A reviravolta aconteceu quando a própria Pernambucanas admitiu, durante a contestação, que a mulher, de fato, não tinha débitos com a loja. A empresa afirmou que, após ser procurada pela mulher e analisar o caso, decidiu cancelar a dívida e excluir o nome dela da lista de inadimplentes.

O juiz concluiu que, uma vez que a legalidade da inclusão do nome da mulher na lista de inadimplentes não foi comprovada e, ademais, foi injustamente realizada, a loja praticou um ato passível de indenização. Ele também ressaltou que o simples fato de ter o nome incluído indevidamente em um órgão de proteção ao crédito é suficiente para causar danos morais.

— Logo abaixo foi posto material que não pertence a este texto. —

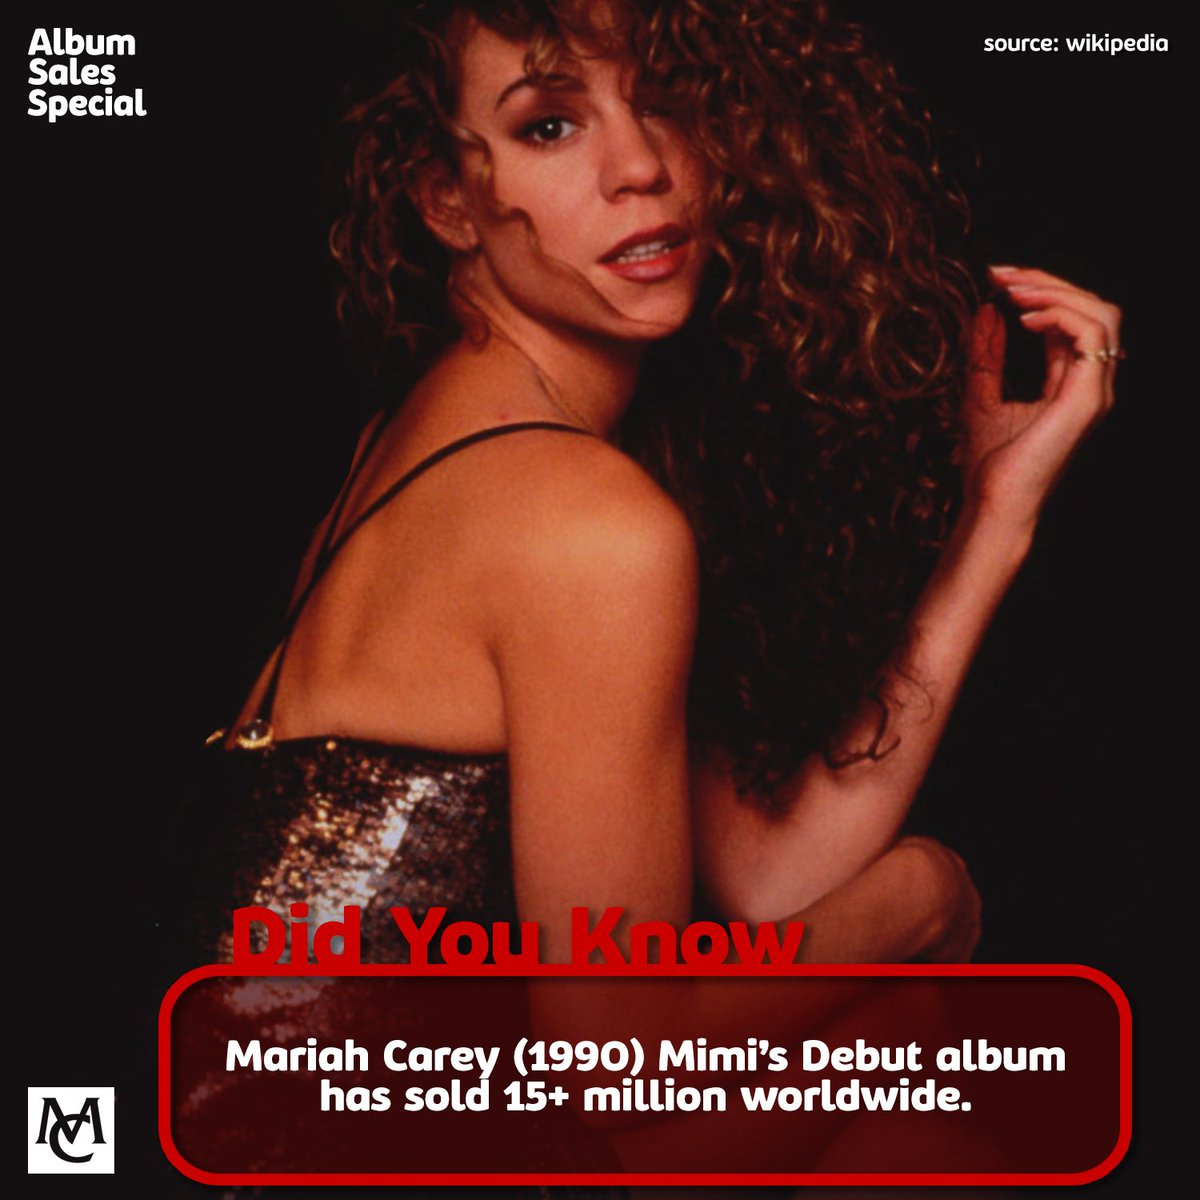 THE GREATEST!   @MariahCarey  #MariahCarey #Lambs #Lambily #Caution #CautionWorldTour #StreamCaution #StreamMariah<br>http://pic.twitter.com/FjdzgXTqWS

No que se refere ao valor da indenização, o juiz explicou que, na ausência de uma fórmula legal que determine um valor específico para danos morais, a compensação é geralmente baseada em decisões judiciais anteriores, considerando as circunstâncias e particularidades do caso.

Dito isto, o pedido da mulher foi aceito. A Pernambucanas foi condenada a declarar que a dívida em questão, que venceu em 11 de novembro de 2022, não é exigível, e a pagar à mulher uma indenização por danos morais no valor de R$ 3.000,00. Este valor será corrigido pelo INPC, a partir da data da decisão, com juros de 1% ao mês a partir da data em que a loja foi oficialmente notificada da ação.

A decisão é de 1ª instância e cabe recurso, podendo ser reformada pelo Tribunal de Justiça do Paraná.